- **DATA SEGMENT**
────

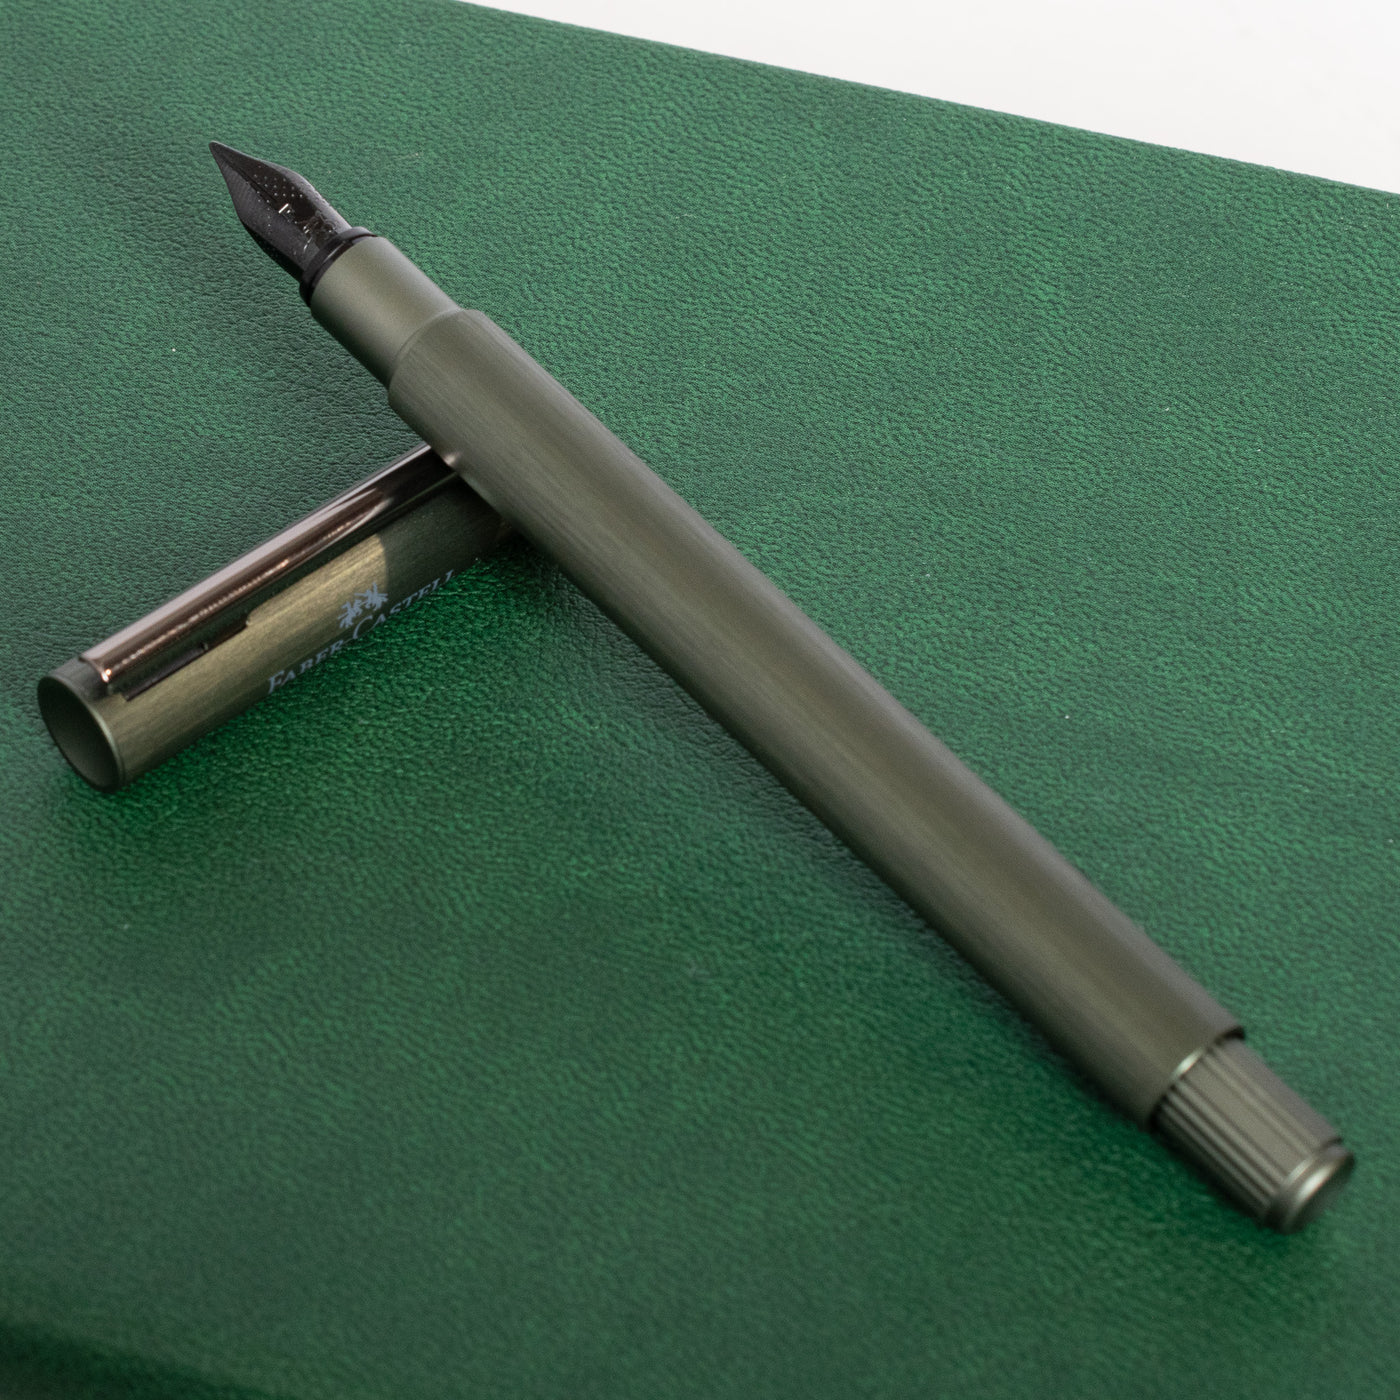 Faber-Castell NEO Slim Olive Green Fountain Pen weight balanced
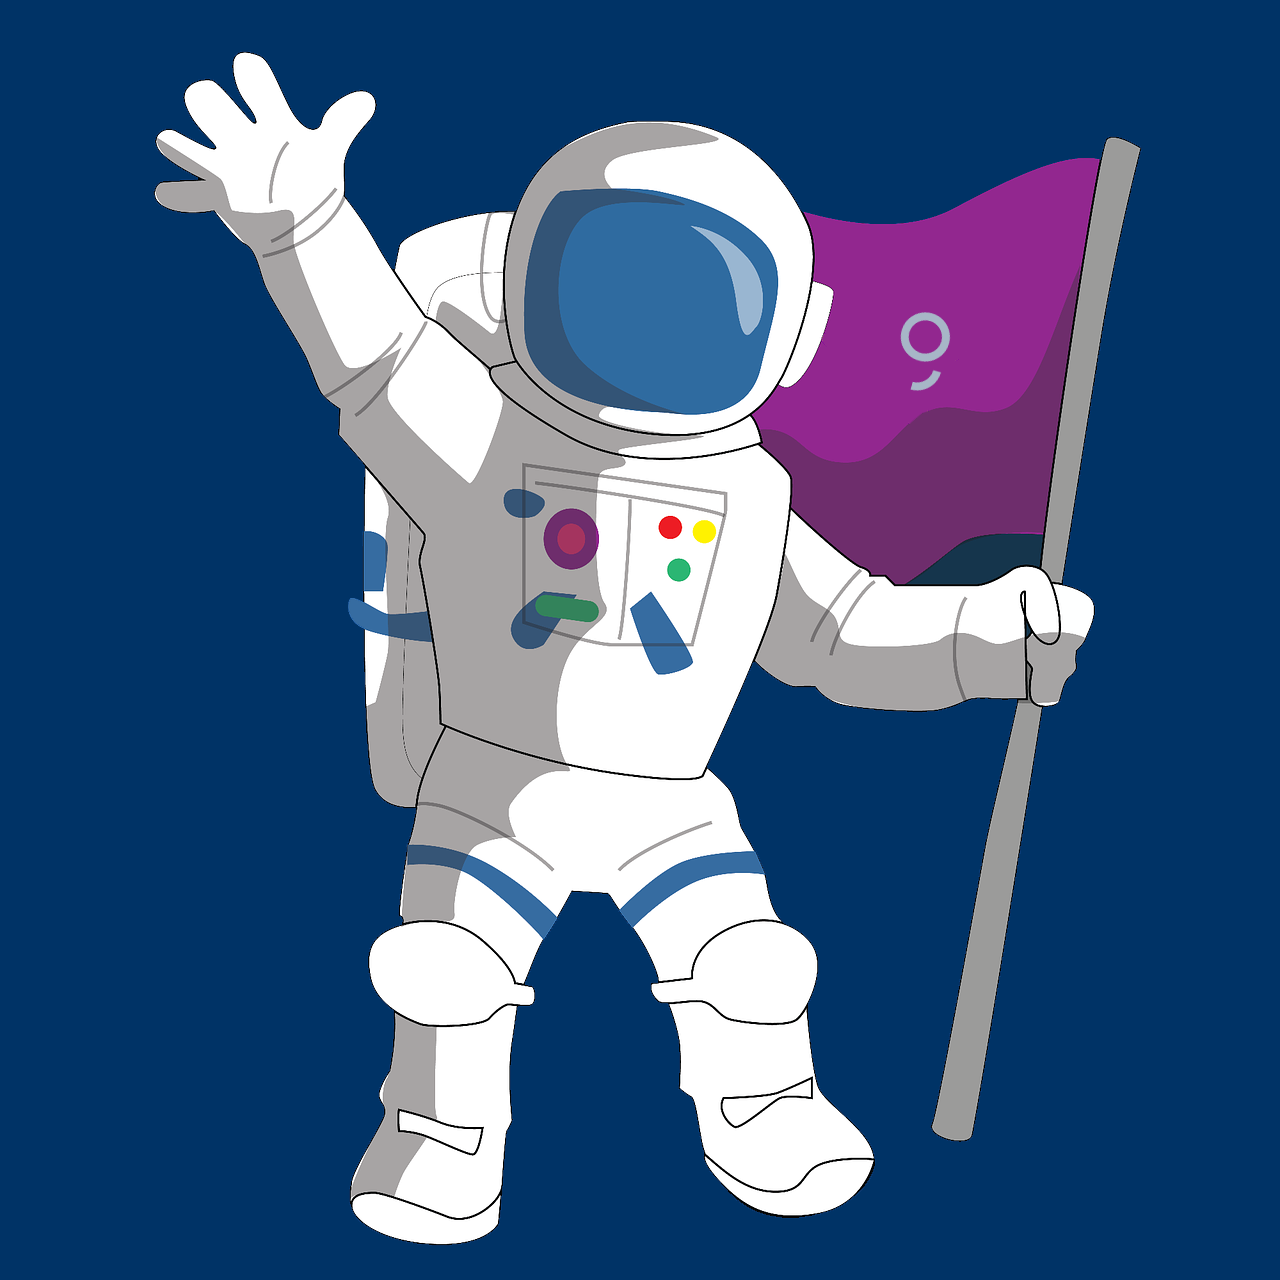 Illustration of an astronaut waving and holding a flag.
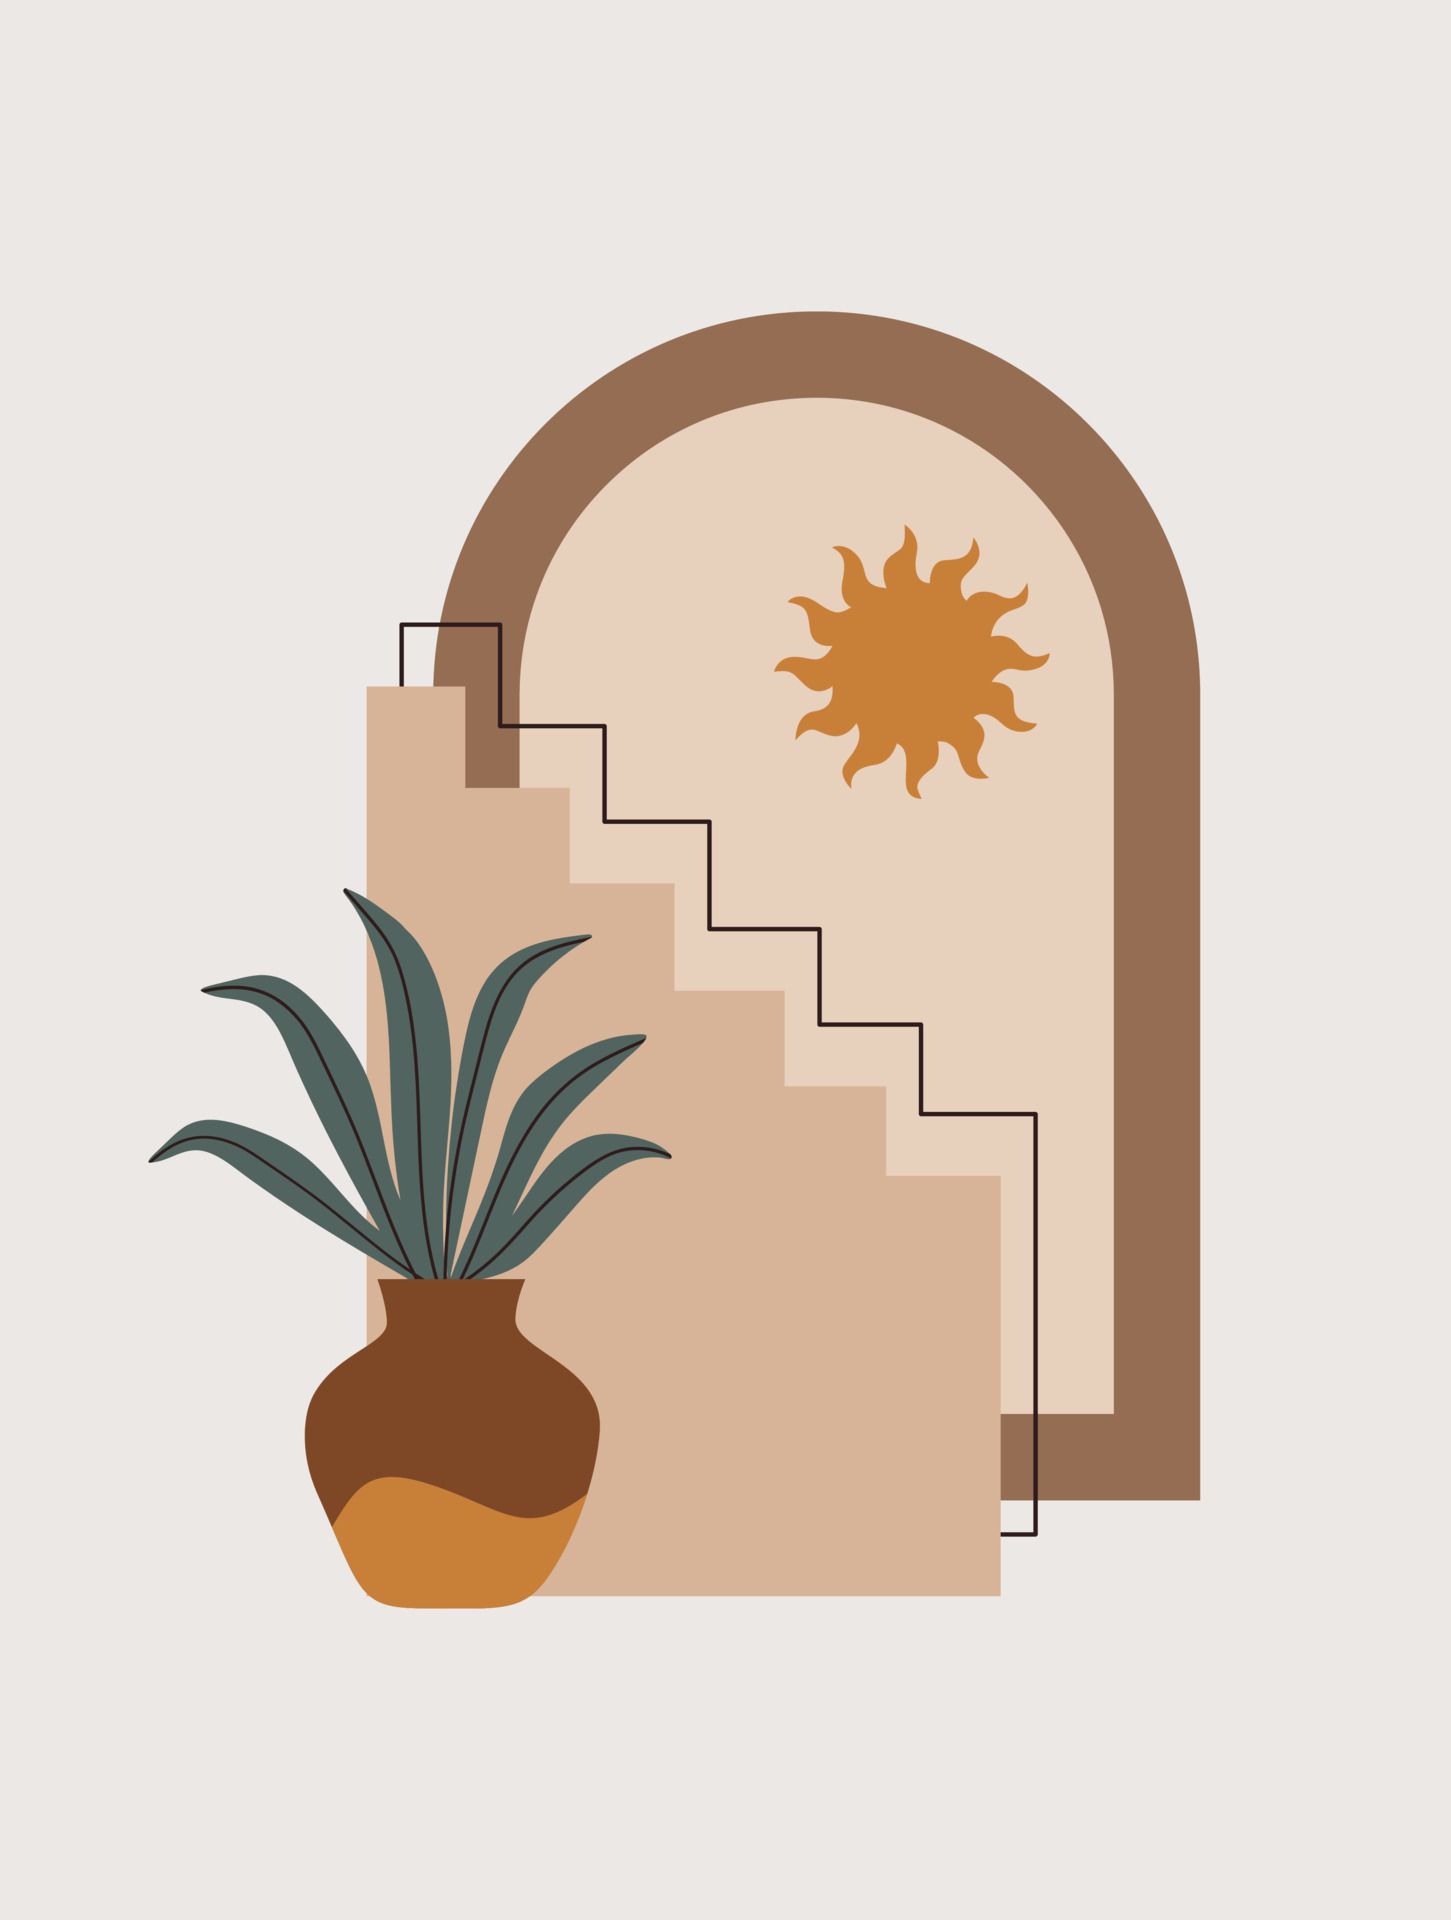 Abstrakt Hintergrundbild 1451x1920. Modern abstract aesthetic background of geometric shapes, vase, stairs and plants. Wall decor in boho style. Mid century vector print for cover, wallpaper, card, social media, interior decor 7068156 Vector Art
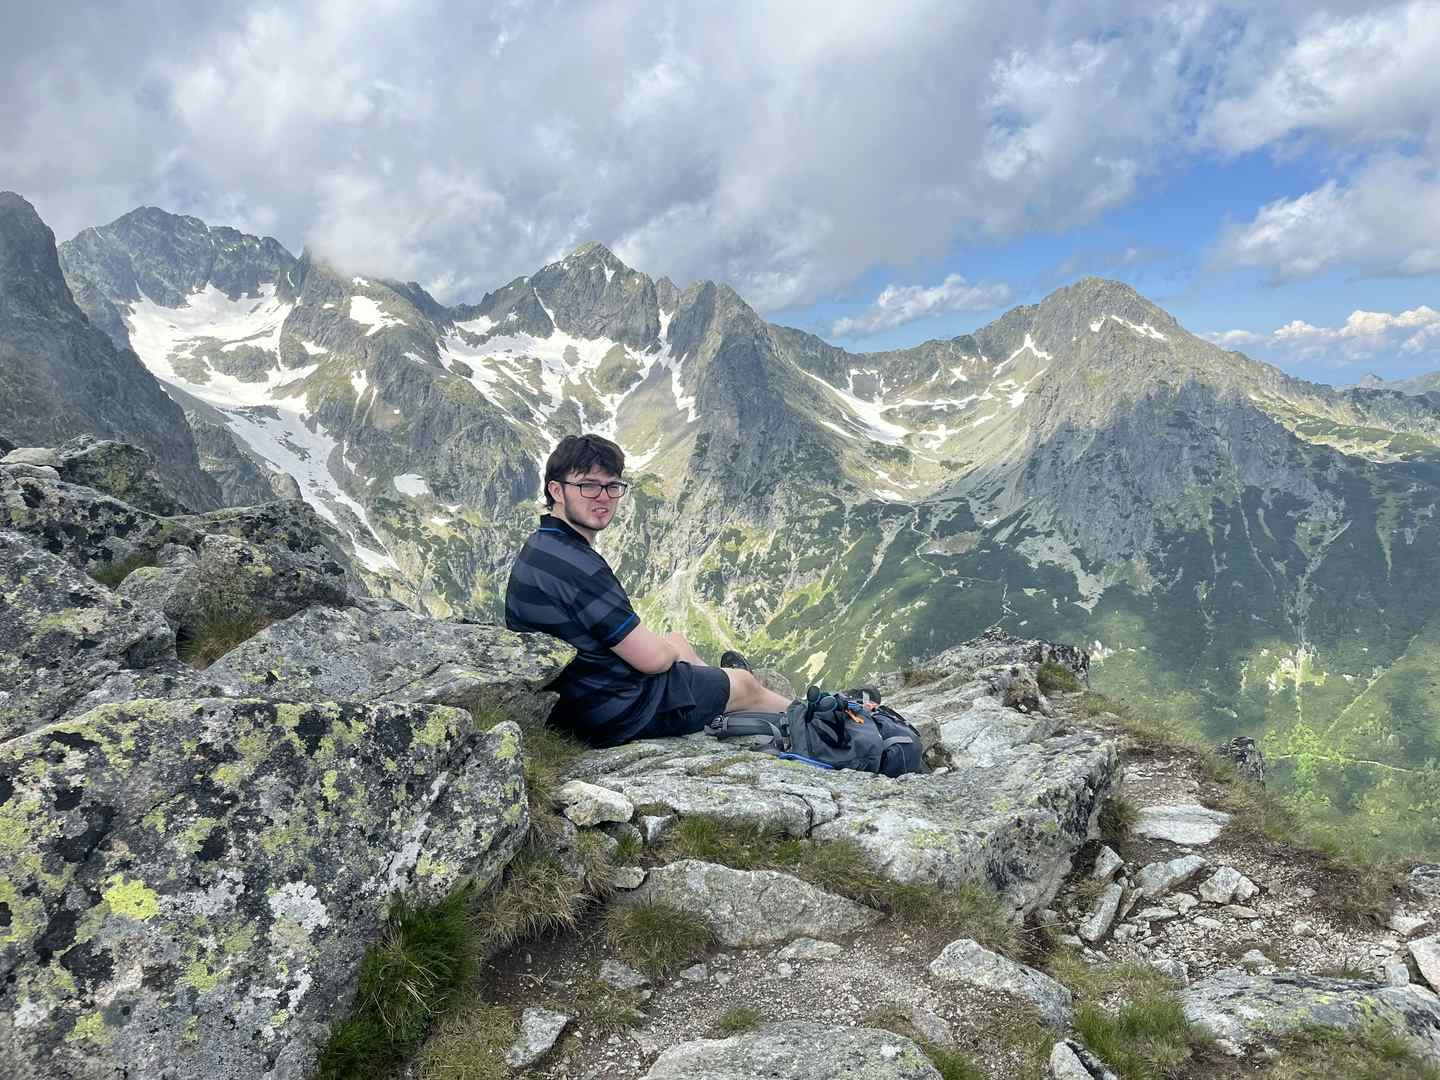 High Tatras - Incredible scenery, guide and company

────

Exactly and only the lines from the one holding "Abstrakt Hintergrundbild 1451x1920." through the final line of the material must be returned, both ends included, without any pictures.

 Abstrakt Hintergrundbild 1451x1920. Modern abstract aesthetic background of geometric shapes, vase, stairs and plants. Wall decor in boho style. Mid century vector print for cover, wallpaper, card, social media, interior decor 7068156 Vector Art
 High Tatras - Incredible scenery, guide and company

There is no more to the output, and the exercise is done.